B.4.2. Par cohabitation légale, il y a lieu d'entendre la situation de vie commune de deux personnes ayant fait une déclaration écrite de cohabitation légale (article 1475 du Code civil). La cohabitation légale cesse lorsque l'une des parties se marie ou décède. Il peut également être mis fin à la cohabitation légale par les cohabitants, soit de commun accord, soit unilatéralement, au moyen d'une déclaration écrite qui est remise à l'officier de l'état civil, qui acte la cessation de la cohabitation légale dans le registre de la population (article 1476 du Code civil).

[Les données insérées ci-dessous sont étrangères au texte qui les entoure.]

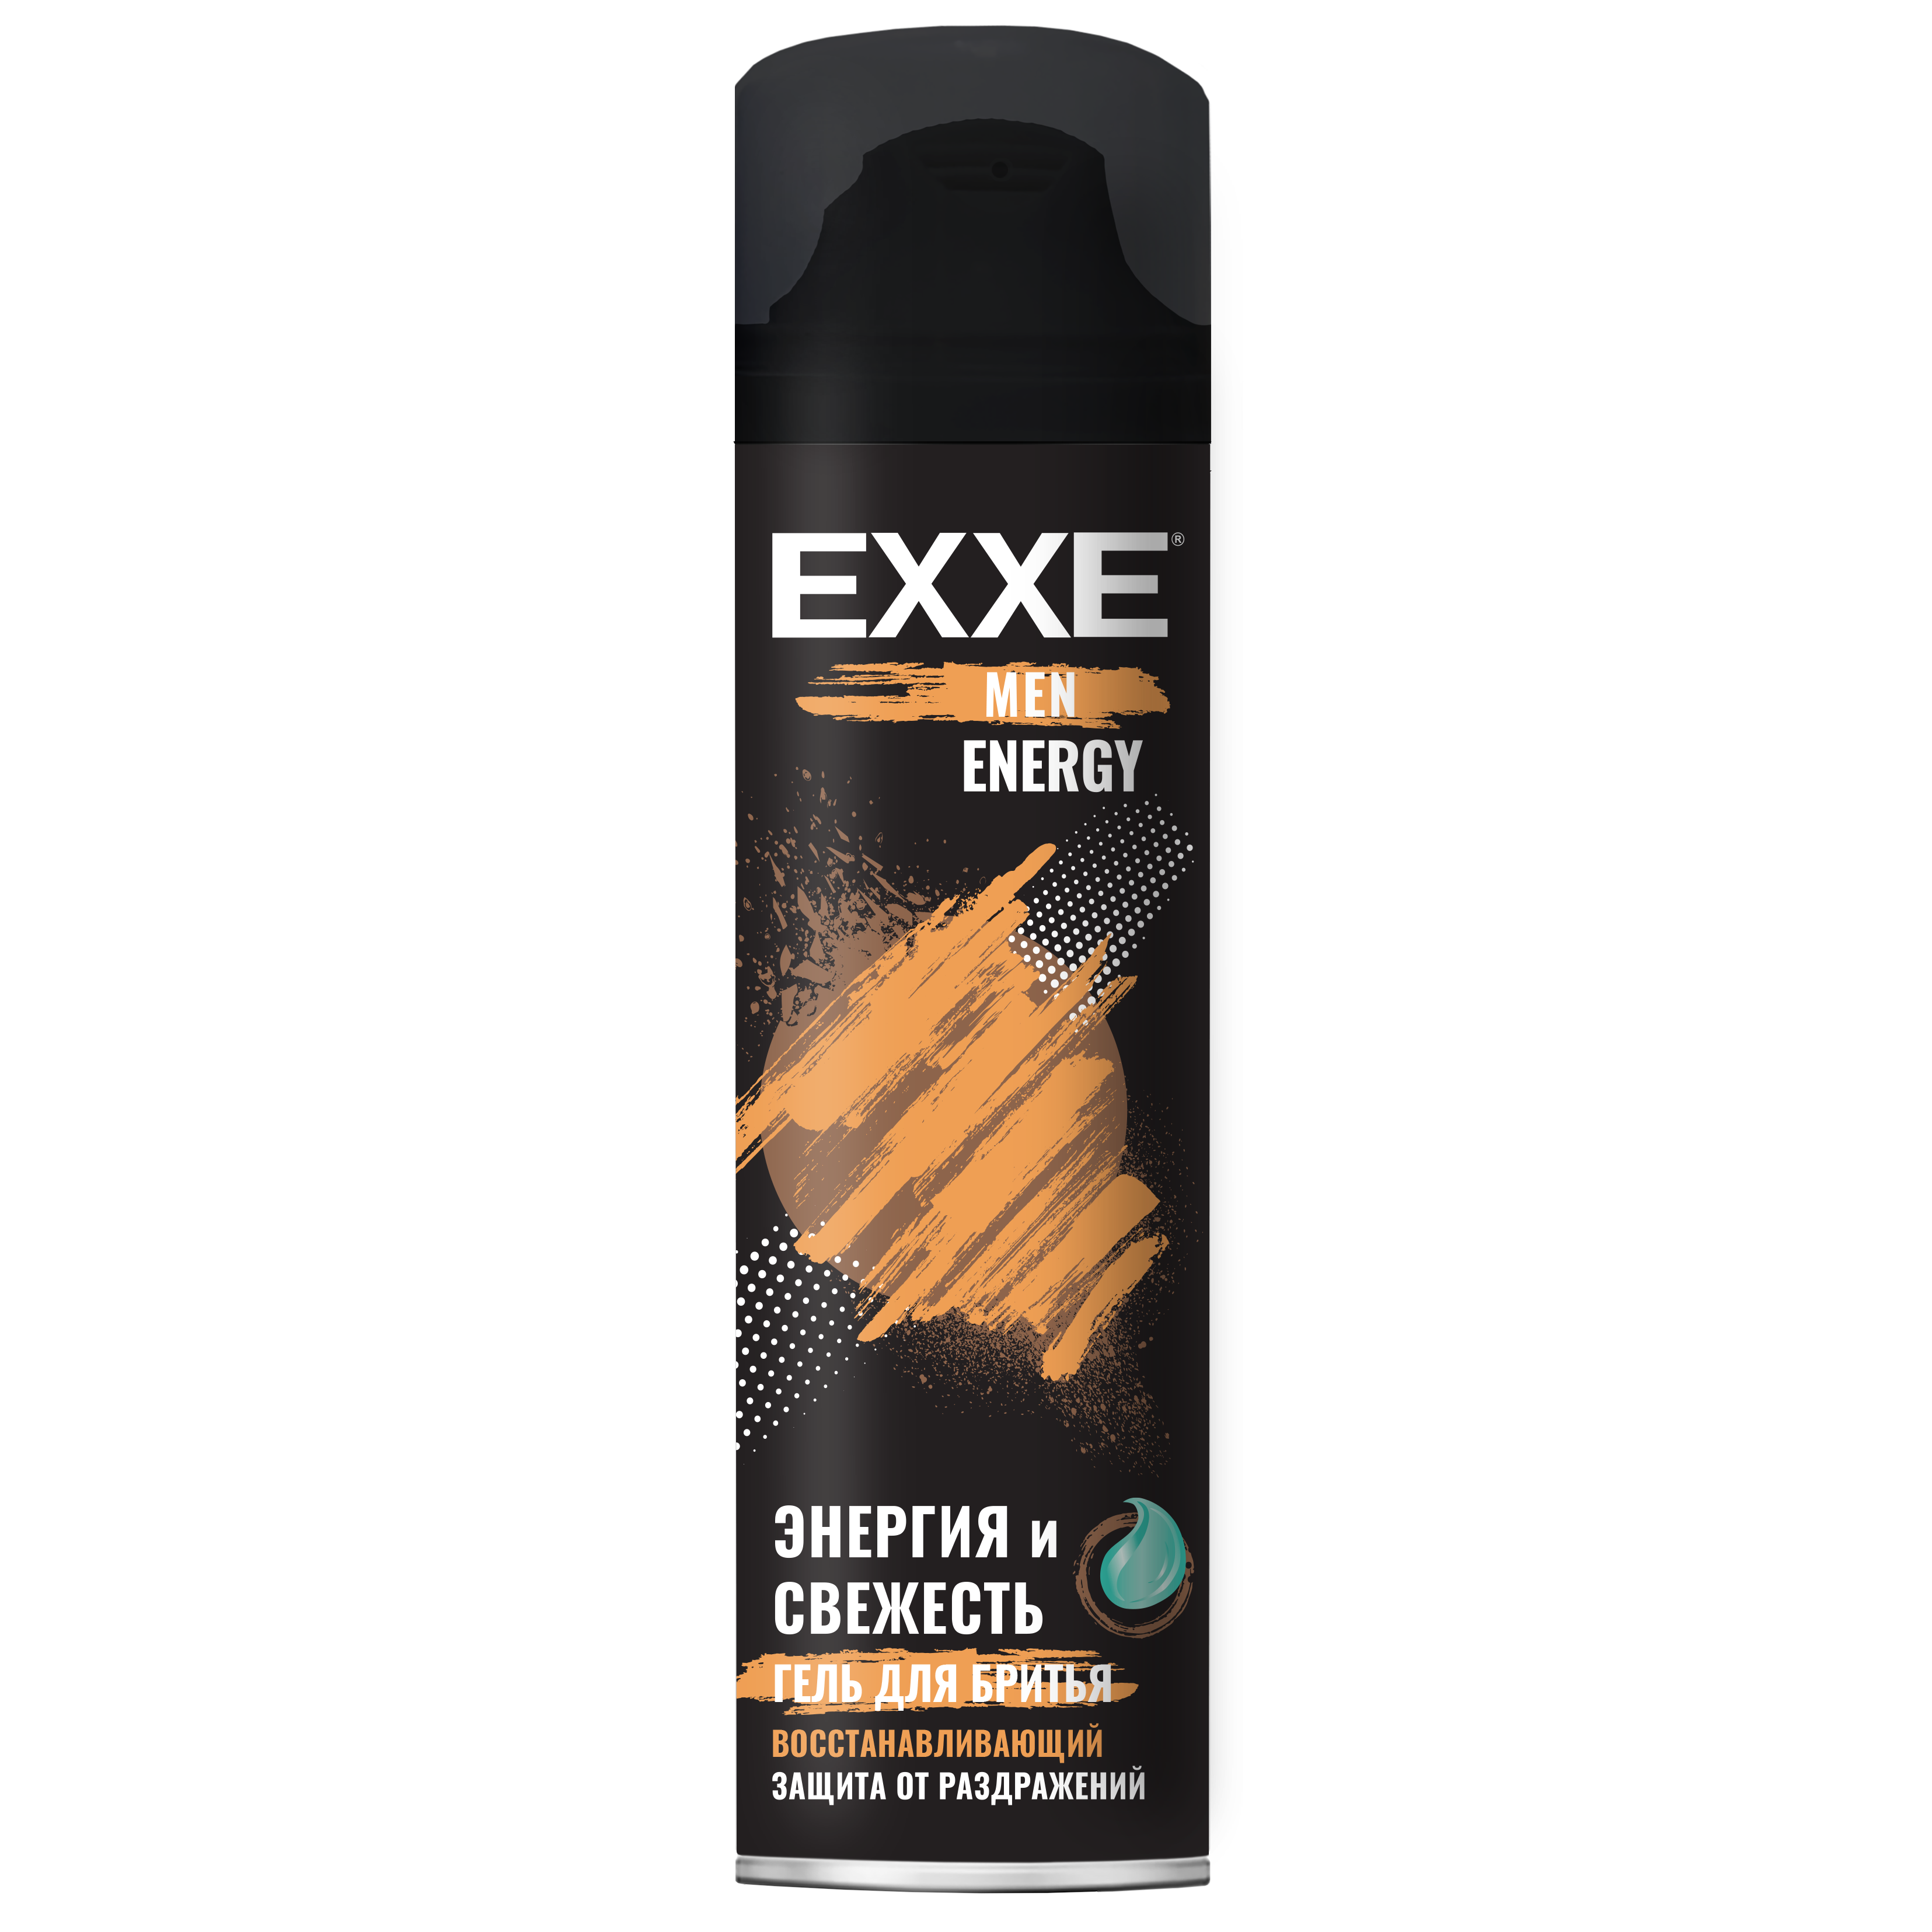 Гель для бритья EXXE MEN Восстанавливающий Energy, 200 мл гель для душа white cosmetics sport energy мужской парфюмированный 250 мл

Les dispositions suivantes s'appliquent à la cohabitation légale : la protection légale du domicile familial (articles 215, 220, § 1er, et 224, § 1er, 1, du Code civil) s'applique par analogie à la cohabitation légale; les cohabitants légaux contribuent aux charges de la vie commune en proportion de leurs facultés et toute dette non excessive contractée par l'un des cohabitants légaux pour les besoins de la vie commune et des enfants qu'ils éduquent oblige solidairement l'autre cohabitant (article 1477 du Code civil).
Pour le surplus, il est prévu un régime des biens des cohabitants et la possibilité de régler par convention les modalités de la cohabitation légale, pour autant que cette convention ne contienne aucune clause contraire à l'article 1477 du Code civil, à l'ordre public, aux bonnes moeurs ou aux règles relatives à l'autorité parentale, à la tutelle et aux règles déterminant l'ordre légal de la succession. Cette convention est passée en la forme authentique devant notaire, et fait l'objet d'une mention au registre de la population (article 1478 du Code civil).
B.4.3. Il résulte de ce qui précède que les dispositions du Code civil applicables aux cohabitants légaux créent une protection patrimoniale limitée qui s'inspire partiellement de dispositions applicables aux époux.
B.5. Il ressort des travaux préparatoires cités en B.2.2 que si le législateur a voulu donner un effet à la cohabitation légale sur le plan de la succession, il n'a pas entendu mettre sur le même pied les effets successoraux du mariage et du contrat de cohabitation légale afin de permettre à chacun de choisir librement et comme il l'entend la manière d'organiser sa vie familiale mais également parce que ces deux formes de vie produisent des effets juridiques différents.
A cet égard, il n'est pas sans justification raisonnable de limiter l'usufruit du cohabitant légal survivant aux meubles qui garnissent la résidence commune dès lors que le législateur entendait répondre à un besoin social en évitant des situations pénibles telles que l'expulsion du cohabitant de cette résidence par les héritiers du cohabitant prédécédé. Il n'est pas porté atteinte de manière disproportionnée aux droits des personnes concernées dès lors que la protection juridique qui leur est offerte constitue la conséquence du choix qu'elles opèrent pour l'une ou l'autre forme de vie commune.
B.6. La question préjudicielle appelle une réponse négative.
Par ces motifs, la Cour dit pour droit : L'article 745octies, § 1er, alinéa 1er, du Code civil ne viole pas les articles 10 et 11 de la Constitution.
Ainsi prononcé en langue française et en langue néerlandaise, conformément à l'article 65 de la loi spéciale du 6 janvier 1989 sur la Cour constitutionnelle, à l'audience publique du 7 novembre 2013.